What you should do:
Please, in the data that follows, copy exactly the lines from the line with "Amazing Photos, Empty" through the last one, both included. Do not include pictures.

Material provided:
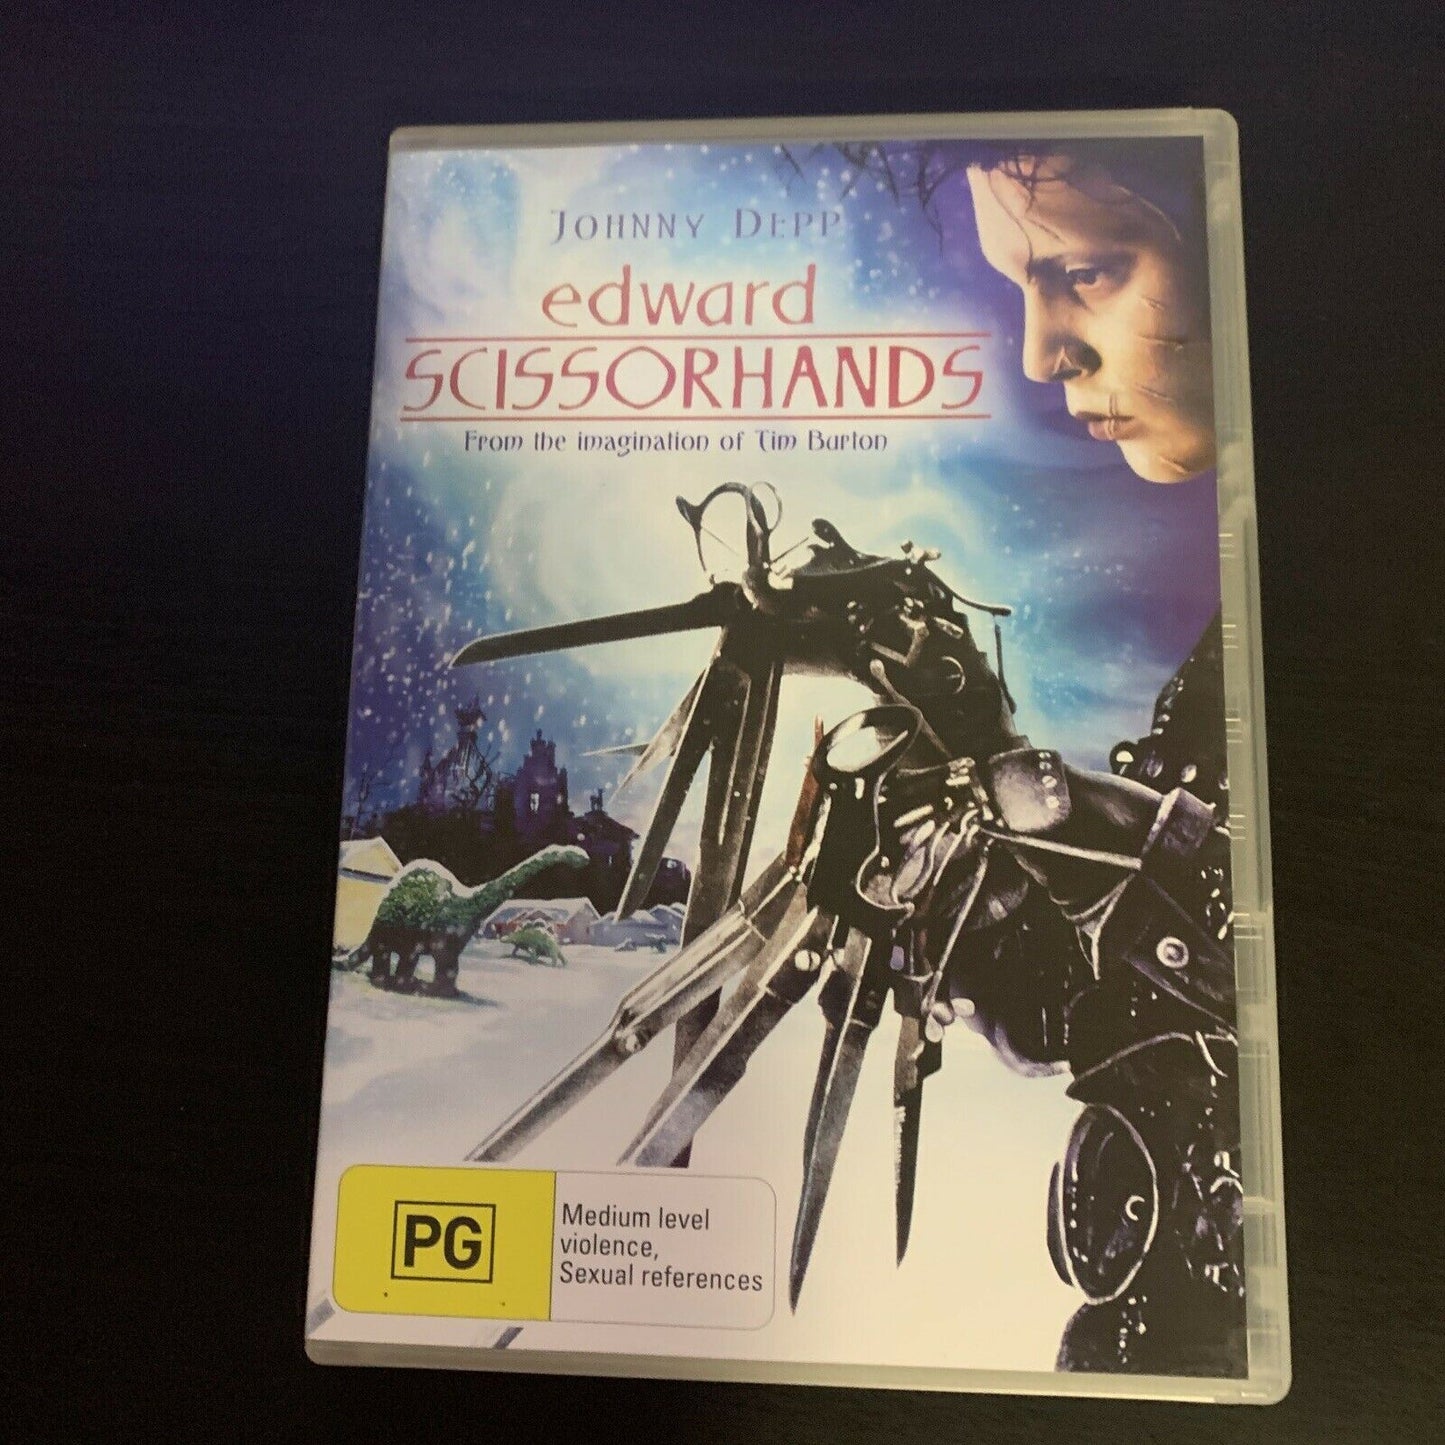 Edward Scissorhands (DVD, 1990) Johnny Depp, Winona Ryder. Region 4
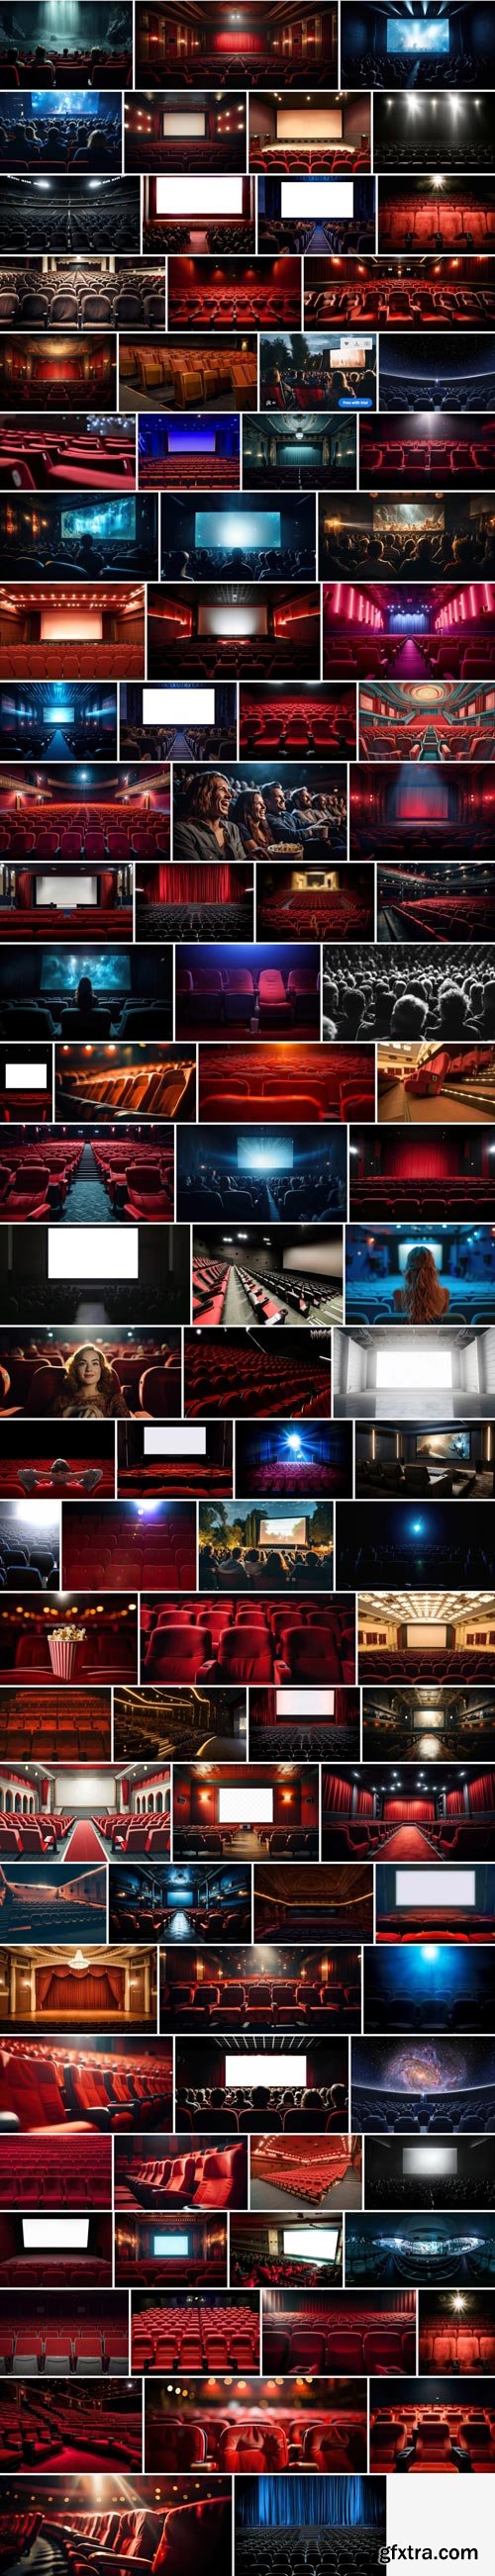 Amazing Photos, Empty Cinema Auditorium 100xJPEG
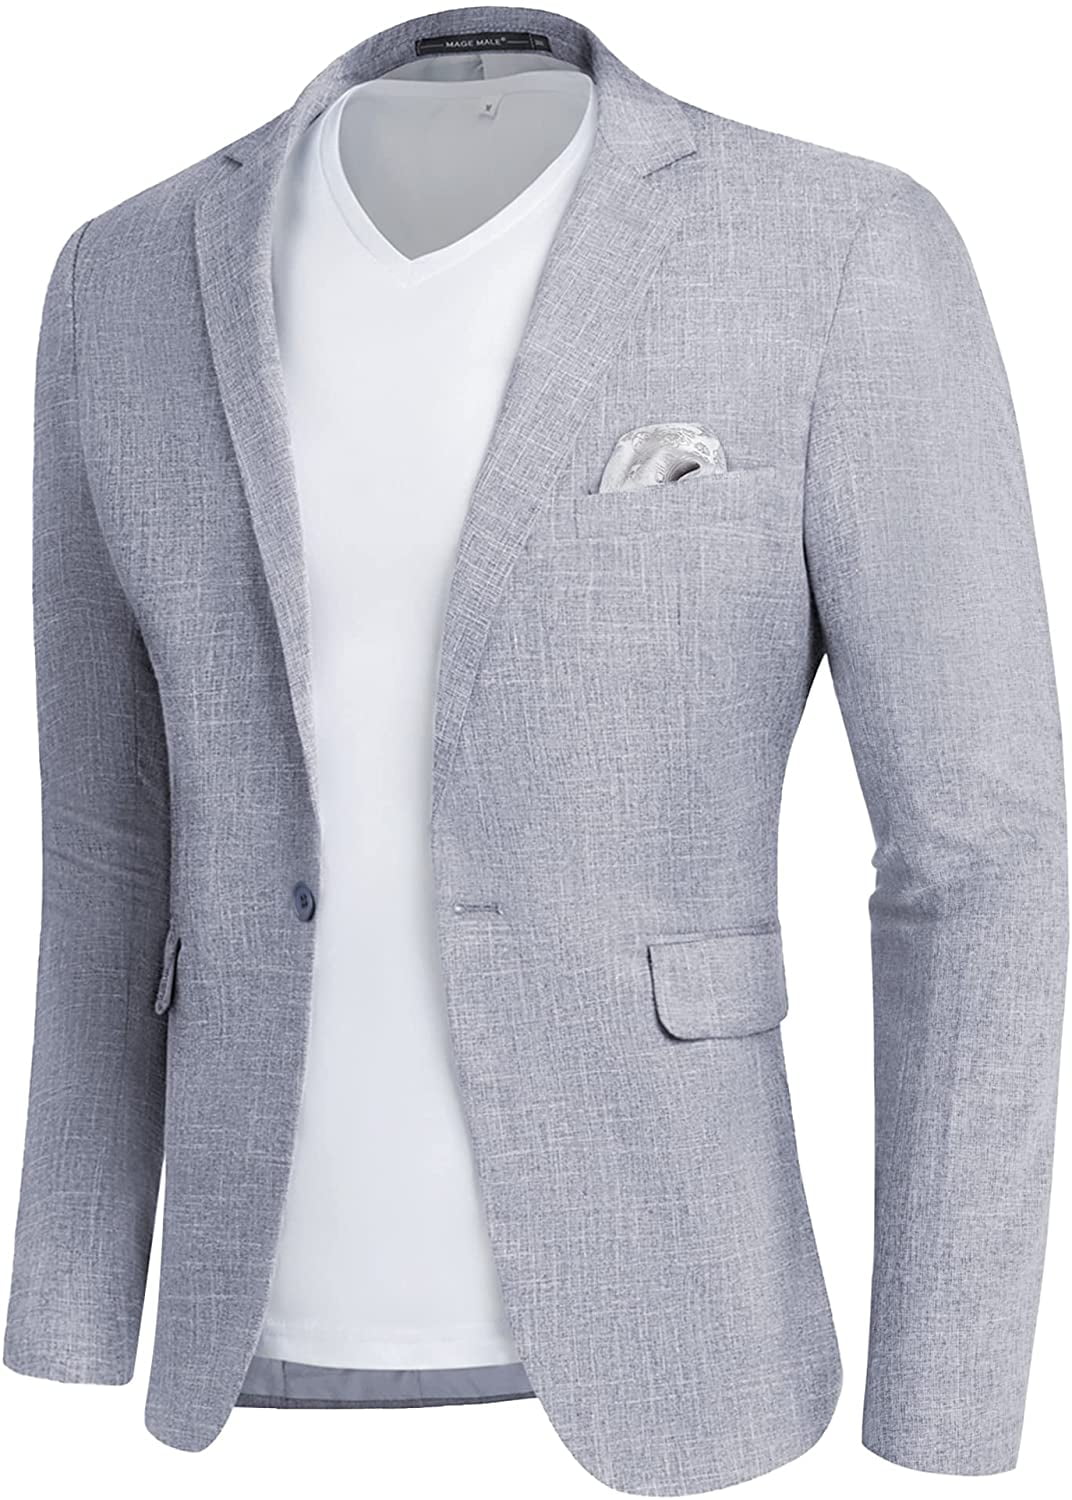 MAGE MALE Men's Slim Fit Blazer Jackets Casual Sport Coats - Walmart.com

Answer for the task:
 Amazing Photos, Empty Cinema Auditorium 100xJPEG
 MAGE MALE Men's Slim Fit Blazer Jackets Casual Sport Coats - Walmart.com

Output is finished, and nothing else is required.